Alexandre
de Moraes pode ser alvo e juiz ao mesmo tempo na investigação sobre Bolsonaro e
aliados?
Presidente
do Tribunal Superior Eleitoral (TSE) e ministro do Supremo Tribunal Federal
(STF), Alexandre de Moraes seria um alvo importante da suposta trama golpista
articulada pelo ex-presidente Jair Bolsonaro (PL) e seus aliados para impedir a
posse do presidente Luiz Inácio Lula da Silva (PT), de acordo com a Polícia
Federal (PF).
Segundo as
investigações, os suspeitos teriam preparado uma minuta de golpe prevendo a
prisão de Moraes e teriam também monitorados seus deslocamentos.
As
supostas intenções criminosas contra o ministro levantam questionamentos sobre
se haveria algum impedimento para que Moraes permaneça como juiz do caso.
Na
quinta-feira (8/1), uma operação autorizada pelo ministro atingiu Bolsonaro e
ex-integrantes do seu governo, levando à apreensão do passaporte do
ex-presidente.
Juristas
ouvidos pela BBC News Brasil se dividem. Para alguns, o fato de Moraes estar na
mira da suposta organização criminosa minaria sua imparcialidade para tomar
decisões no caso.
Já outros
ponderam que a "vítima" dos crimes em investigação não seria o
ministro, mas, sim, o Estado Democrático de Direito. Dessa forma, Moraes não
seria considerado juridicamente uma parte direta interessada no caso.
Enquanto a
discussão sobre impedimento divide opiniões, os juristas ouvidos concordam na
crítica à decisão de Moraes de restringir a comunicação entre os advogados dos
investigados.
Na decisão
que autorizou a operação Tempus Veritatis (hora da verdade, na tradução do
latim) contra Bolsonaro e ex-integrantes do seu governo, o ministro proibiu os
investigados de se comunicarem, "inclusive por meio de seus
advogados".
Segundo
Moraes, a medida seria "necessária para garantia da regular colheita de
provas durante a investigação, sem que haja interferência no processo
investigativo por parte dos mencionados investigados, como já determinei em
inúmeras investigações semelhantes".
Para os
juristas entrevistados, porém, a decisão é inconstitucional e fere o direito à
ampla defesa.
"Advogados
ficarem proibidos de falar é um absurdo completo, inclusive porque advogados tm
direito de combinar estratégias de defesas", afirma o professor de Direito
Processual Penal da Universidade Federal Fluminense (UFF) João Pedro Pádua.
A Ordem
dos Advogados do Brasil (OAB) apresentou uma petição na sexta-feira (9/2) ao
STF solicitando que a proibição seja revertida.
"A
ampla defesa não se faz presente quando desrespeitada e limitada a comunicação
entre advogados e investigados, sendo inadmissível num Estado Democrático de
Direito que garantias não sejam observadas em nome de uma maior eficácia de
coerção e repressão", diz a OAB na petição.
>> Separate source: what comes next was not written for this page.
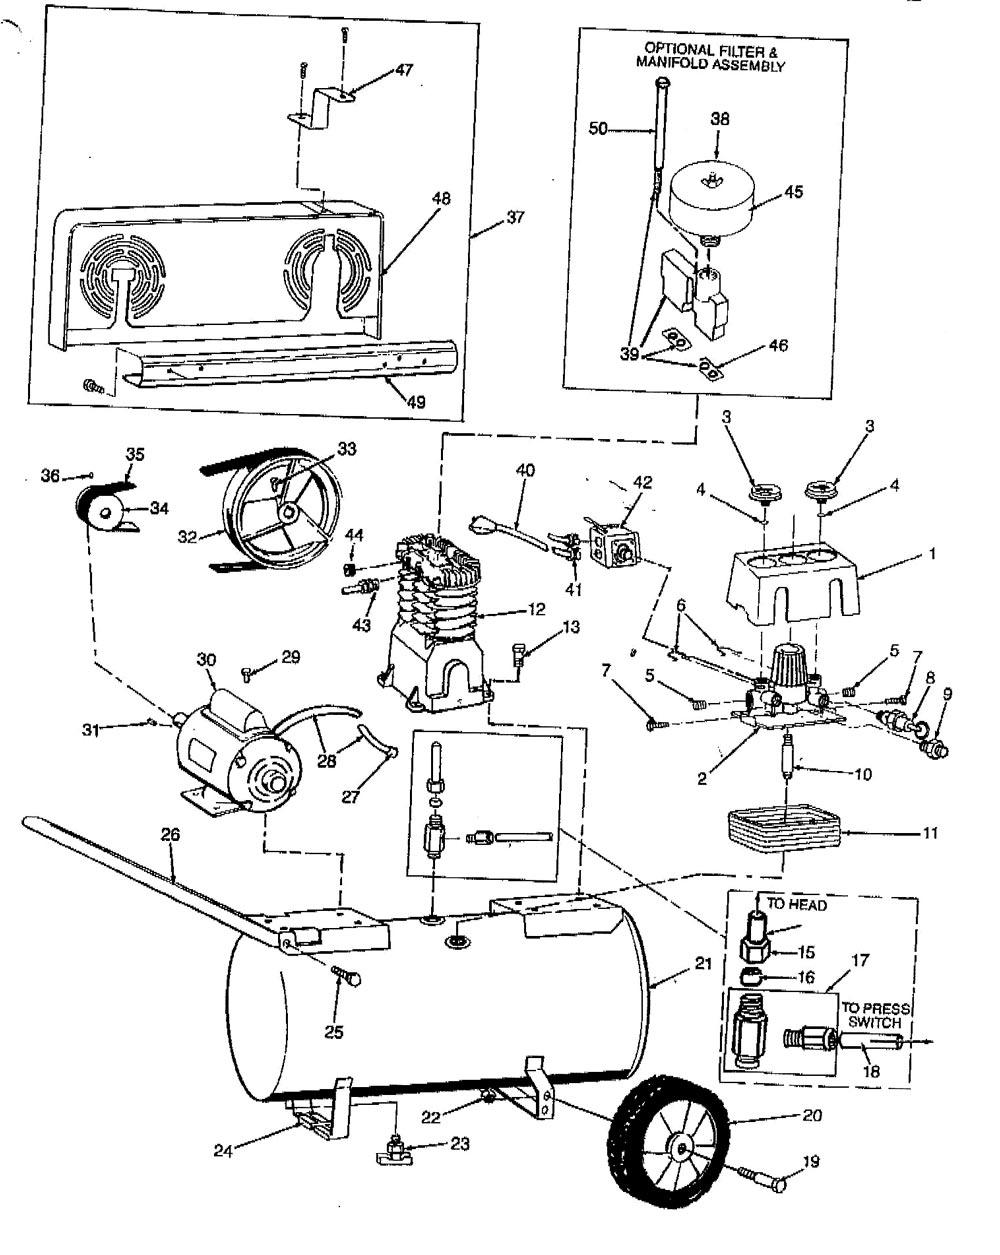 air pressor wiring diagram

• 'Não existe impedimento', diz STF
Questionado
por meio da assessoria do STF, Moraes não quis comentar as críticas sobre as
restrições impostas aos advogados.
Já quanto
ao questionamento sobre sua imparcialidade para julgar o caso, a assessoria da
Corte enviou uma manifestação negando qualquer motivo para impedimento ou
suspeição do ministro.
"O
CPP (Código de Processo Penal) afasta qualquer suspeição ou impedimento quando
as ameaças ou coações são feitas ao juiz que já conduz o inquérito ou processo.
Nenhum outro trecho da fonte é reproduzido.